The overall outlines of the two Republic plans are similar enough that it’s possible to imagine them being reconciled in committee, assuming they pass their respective chambers – but given the differences in the details, tax professionals will find it very difficult to advise clients on year-end planning. (See “Everything you need to know about the Senate GOP tax reform proposal.”)
Take, for instance, the prospect of lowering the corporate income tax rate to 20 percent, which both the House and Senate support. Tax professionals might want to advise business clients to plan on that – except that the Senate proposal would postpone the new rate until 2019, to make up for other cuts. Until that difference is resolved, the planning opportunity remains entirely theoretical.
Similarly, differences between the House and Senate approaches to the mortgage-interest deduction make it impossible for accountants and tax pros to offer definitive advice to clients looking to buy a house, and Congress’ internal disagreements over the ultimate fate of the deduction for state and local taxes mean tax pros in the high-tax states that would be most affected by its partial or complete elimination can’t offer much useful advice to the clients whose tax returns they’ll eventually be preparing.
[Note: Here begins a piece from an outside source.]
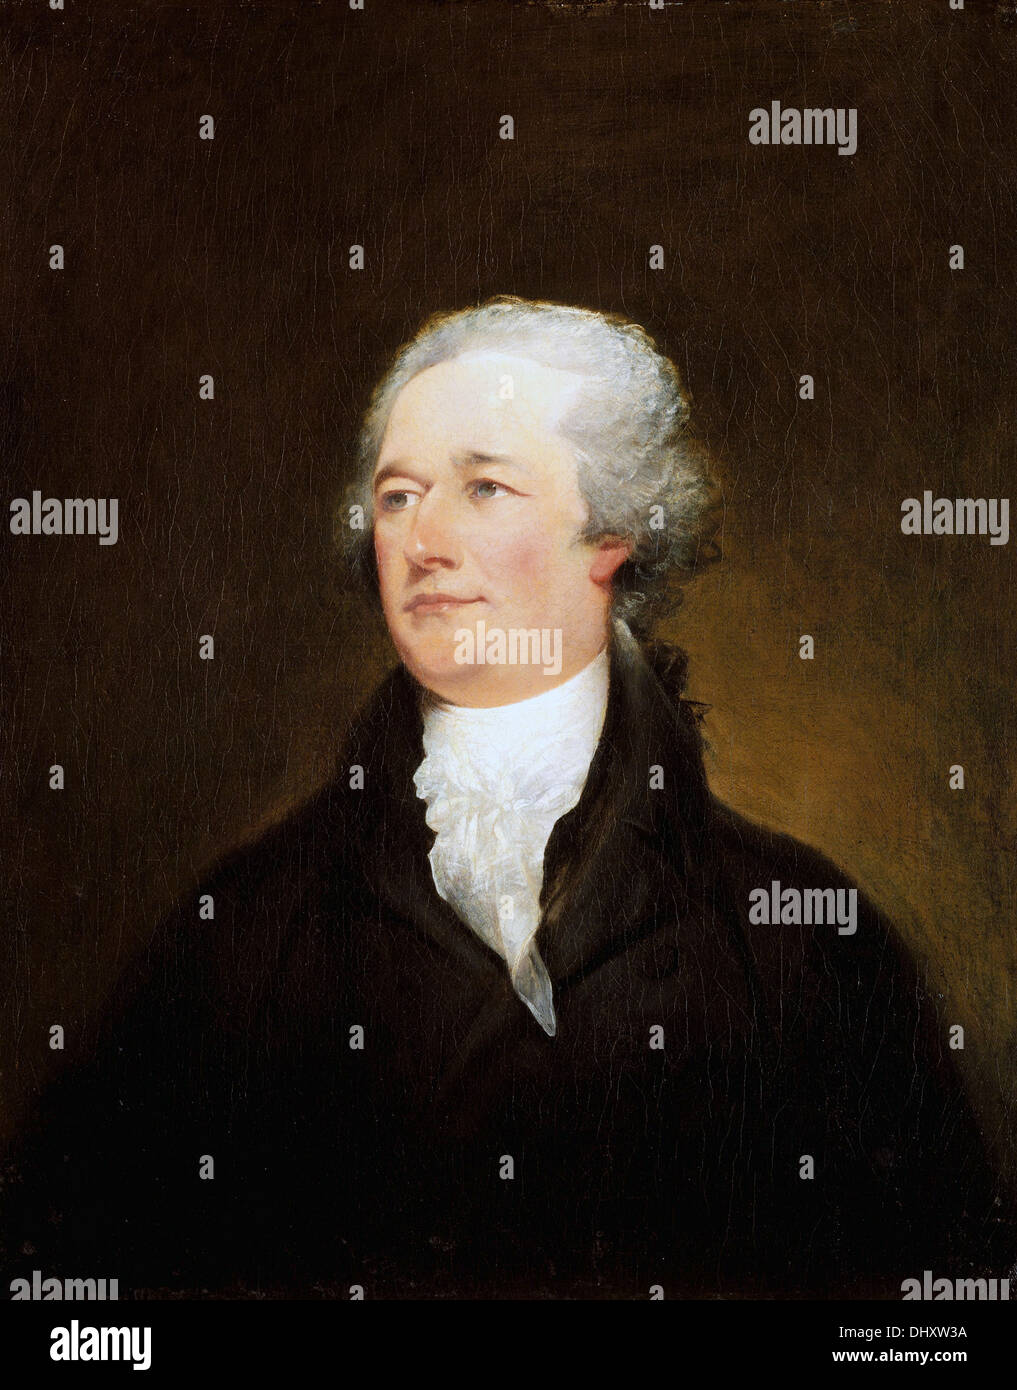 Alexander Hamilton - by John Trumbull, 1806 Stock Photo

What’s more, many of those differences in details speak to important disagreements and political considerations that could endanger the bills themselves. The House’s desire to ultimately repeal the estate tax will be a hard sell in the Senate, where Republicans have a very slim margin. Wrangling over the elimination of the state and local tax deduction will be particularly contentious in the Senate, where the high-tax states are all represented by Democrats. (The issue may even prove problematic in the House, where it was watered down; California Republican Darrell Issa has already come out against tax reform as it stands, because it will hit his state hard.)
The possibility that the distance between the House and the Senate ultimately could make tax reform unworkable adds yet another layer of uncertainty to the calculations tax professionals need to make in advising their clients.
Certainty of any kind is still at least a few weeks away, with the House expected to vote on the Ways and Means markup next week, and the Senate expected to vote on its bill the week after Thanksgiving. And even if they both pass, they would still need to be reconciled.
In the end, tax professionals can offer very little certain advice to their clients about the elements of tax reform, except to prepare potential responses to all the reform possibilities, to postpone those decisions that can be postponed, and to be ready to jump when Congress provides final direction – whenever that may be.